Cet article a été publié dans Bipédia de mai 1999. Rien de fondamental à modifier, sinon que l'explication batesonienne me semble aujourd'hui la plus importante, ce qui n'apparaît pas nettement dans l'article. L'académicien soviétique Boris Porchnev a été un pionnier de la recherche dans ce domaine en Eurasie. 


 Les HR (Hominoïdes ou Hominidés Reliques) posent depuis des siècles le problème d'un phénomène dont la réalité objective est affirmée par une minorité, niée par une majorité, pendant une très longue période de temps (ils n'en ont pas l'exclusivité mais c'est une autre histoire).

 Pour lever cette indétermination, il faut pouvoir démontrer que, soit :

 - le phénomène n'existe pas objectivement, mais il y a chez beaucoup de gens un besoin d'y croire. Ce besoin est tel que ces gens font en sorte d'y croire le plus complètement et le plus longtemps possible, consciemment ou non, par des processus explicables ou non.

 - le phénomène existe objectivement, mais il y a chez beaucoup de gens un besoin de ne pas y croire, donc de censurer, d'occulter ou de déguiser par toutes sortes de moyens cette existence par trop dérangeante.

 Le cas des HR paraît net. Les signes d'une censure, d'un refus de croire, l'emportent, et de beaucoup. Chez les témoins, peur "panique"1 et fuite. Chez ceux qui transmettent leur témoignage, déformation très rapide des données dans le sens du mythe, surtout quand des ethnologues professionnels s'en mêlent. Chez les "incrédules", argumentation bornée et parfois ahurissante de mauvaise foi dès qu'on dépasse le stade du sempiternel "on les aurait déjà trouvés..." Enfin, chez celles et ceux qui affirment y croire et les chercher, conduites d'échecs multiples (soit dit sans juger personne et sans prétendre y échapper), désaccords innombrables...

 Dans ce qui suit, je vais tenter d'inventorier différentes explications psychologiques de ce blocage. Le fait que les hypothèses proposées soient accolées aux noms d'illustres psychologues ou philosophes ne signifie pas, bien sûr, que ces penseurs se sont préoccupés d'HR.
 
 

 Explication freudienne

 Toute la psychologie freudienne (au sens large) se concentre sur les phénomènes de refoulement, censure, non-dit, individuels ou familiaux, et sur leurs conséquences psycho-pathogènes2. Ces phénomènes sont classiquement (pas toujours) liés à des problèmes sexuels. Un peu partout on a signalé des relations sexuelles, par consentement mutuel ou viol, entre humains et HR.
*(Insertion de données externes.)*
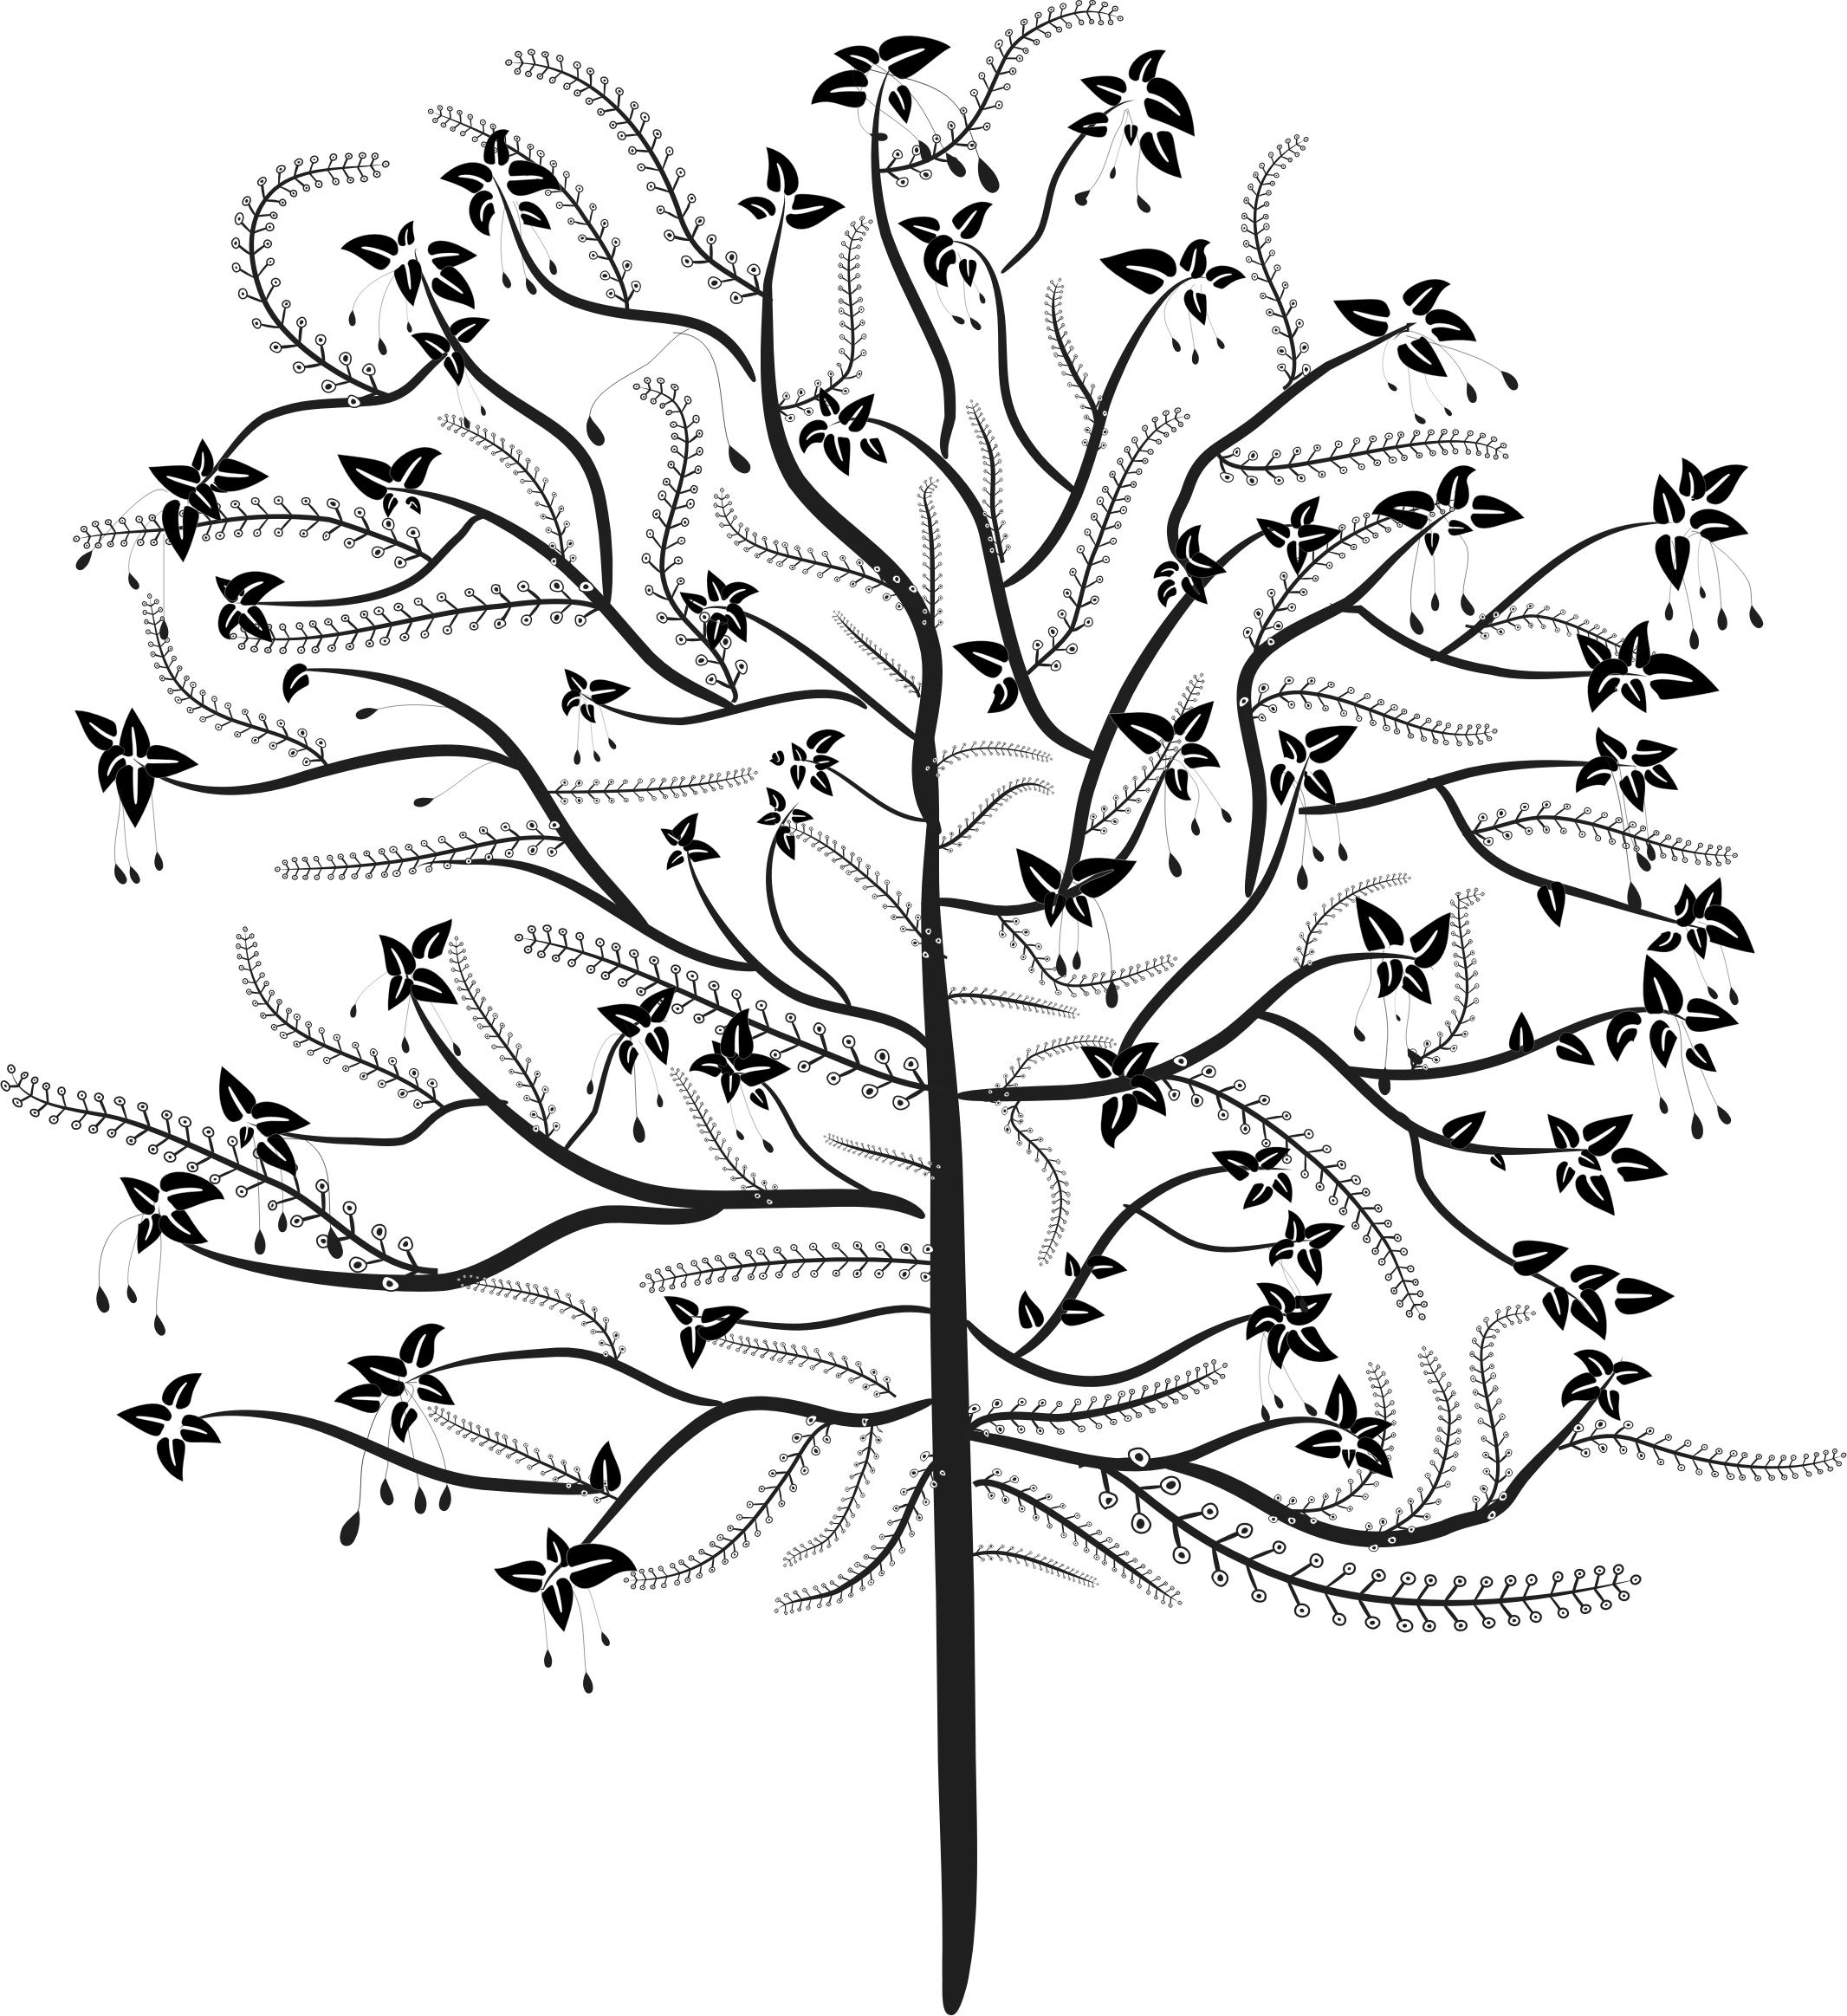 Stylized at getdrawings com. Koala clipart tree drawing

 En Mongolie, un homme fut enlevé un jour par un almass. Ses compagnons réusssirent à retrouver leur trace, à abattre l'almass, à récupérer le prisonnier dans une grotte. Ce dernier ne dit absolument rien, resta prostré pendant deux mois et mourut3.
 
 

 Explication jungienne 

 Rappelons brièvement ce qu'est l'"Ombre" dans la psychologie de Carl-Gustav Jung4. C'est l'ensemble des tendances qu'un individu donné refuse de reconnaître en lui-même et qui donc se réfugient dans l'"inconscient", pour perturber de diverses façons la vie du sujet. En particulier, il peut la projeter sur une autre personne, qu'il se mettra à haïr ou mépriser ou craindre sans raison objective. L'Ombre, il importe ici de le souligner, n'est pas forcément le Mal. Un politicien de droite peut avoir une Ombre de gauche et vice-versa. Un criminel endurci peut même avoir une Ombre candide et innocente.

 En quoi nos HR représenteraient-ils notre Ombre ? Il n'y a que l'embarras du choix. Cela peut englober jusqu'à leur odeur. Leurs rapports déconcertants (pour nous) avec le monde animal constituent à mon sens la piste la plus intéressante. Mais justement, si c'est là notre Ombre, nous n'aurons aucune envie d'y aller voir...
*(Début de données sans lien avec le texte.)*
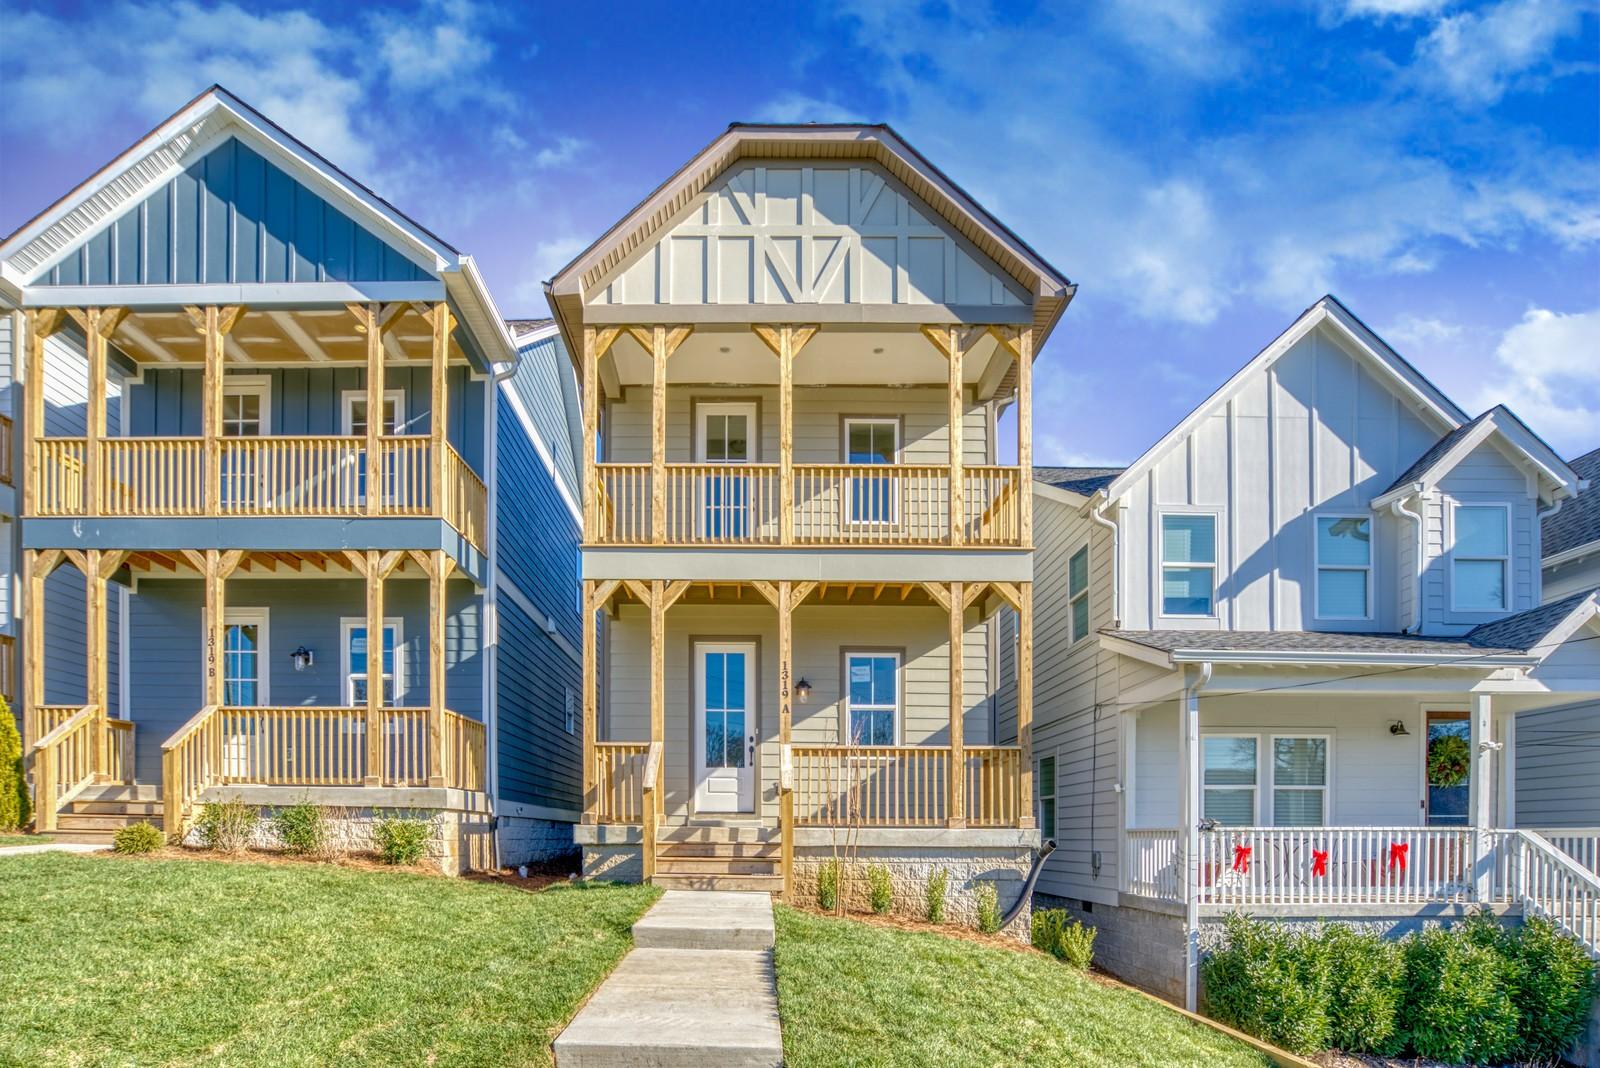 1319 Meridian St, Nashville, TN 37207 - Nashville, TN real estate listing

 En novembre 1977, un chasseur à l'arc5 du Maine abat un cerf... et se le fait subtiliser par un bigfoot. Son commentaire : "All these years I've been hearing about "the gentle giant of the woods", "shy, peaceful, non-aggressive", "eating roots, berries" yak yak yak. All the stories describe something very different that I encountered..." C'est la description de cas similaires dans les années 90 qui l'a convaincu de témoigner vingt ans après les faits. Il conclut en affirmant que, depuis, il emporte un pistolet en plus de son arc, et qu'il a très envie d'abattre un de ces voleurs6.

 Un autre concept jungien est fort utile. Car un blocage, quel qu'il soit, n'est pas insurmontable. Et certains parviennent à le dépasser, à en prendre conscience.
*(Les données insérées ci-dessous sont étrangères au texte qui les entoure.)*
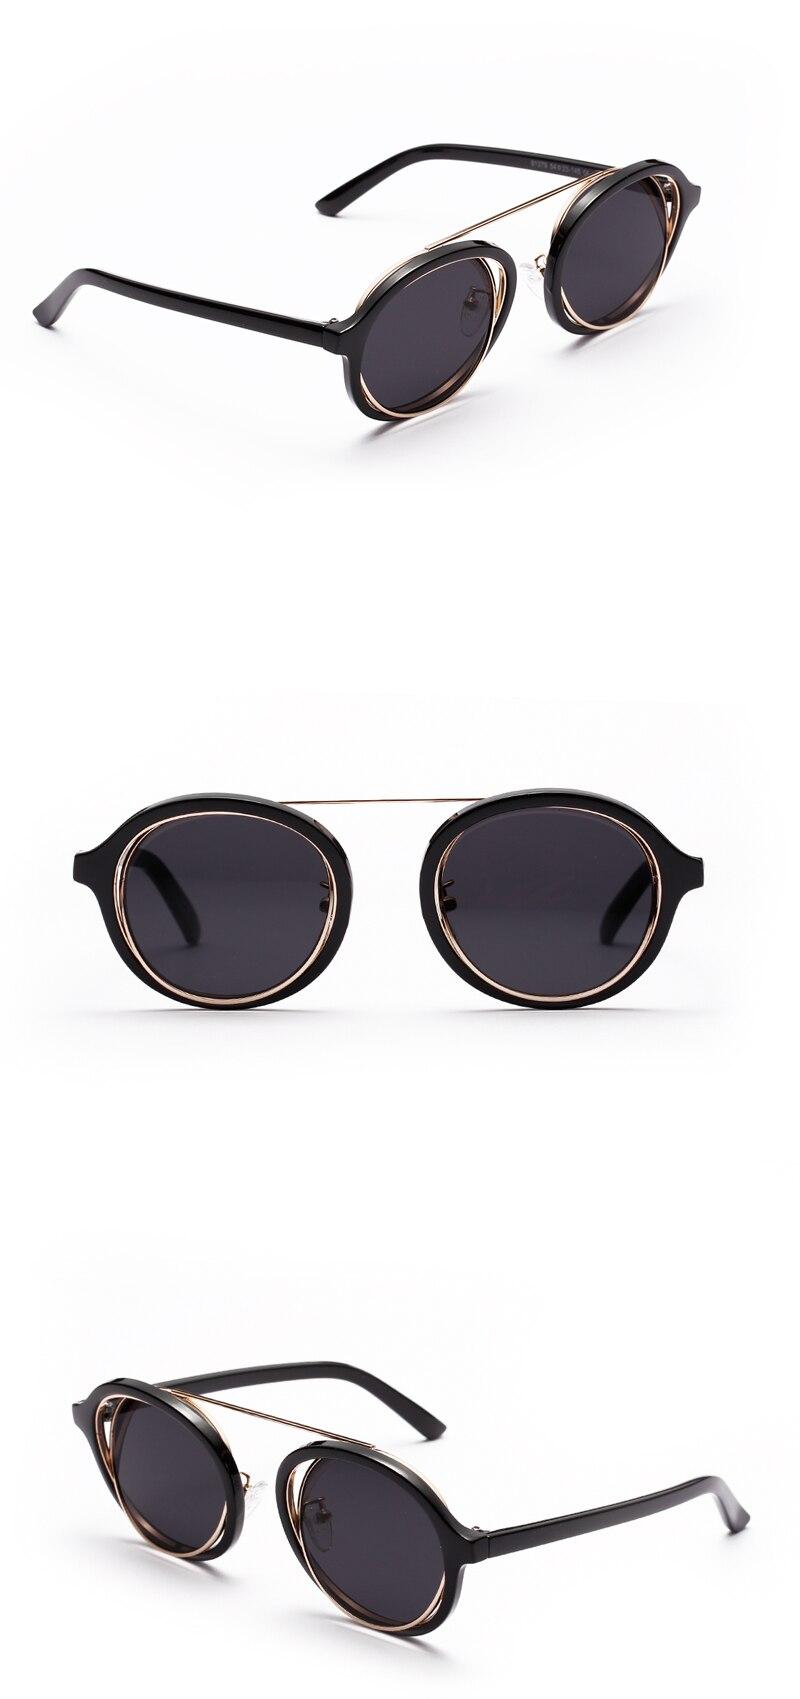 round sunglasses 2003 details (4)

 Mais alors il peut se produire ce que Carl-Gustav Jung a appelé "inflation psychique", ou "identification à Dieu", ou "personnalité mana". Une personne qui prend soudain conscience de ses blocages antérieurs, de ce qui conditionnait ses impulsions, ses inhibitions et ses illusions, tombe couramment dans ce piège. Puisqu'elle comprend mieux, ou s'imagine mieux comprendre, les ressorts profonds de l'âme humaine, elle est portée à se poser en juge, en détentrice de la vérité suprême. Dans les cas les plus graves, cela peut mener à la folie.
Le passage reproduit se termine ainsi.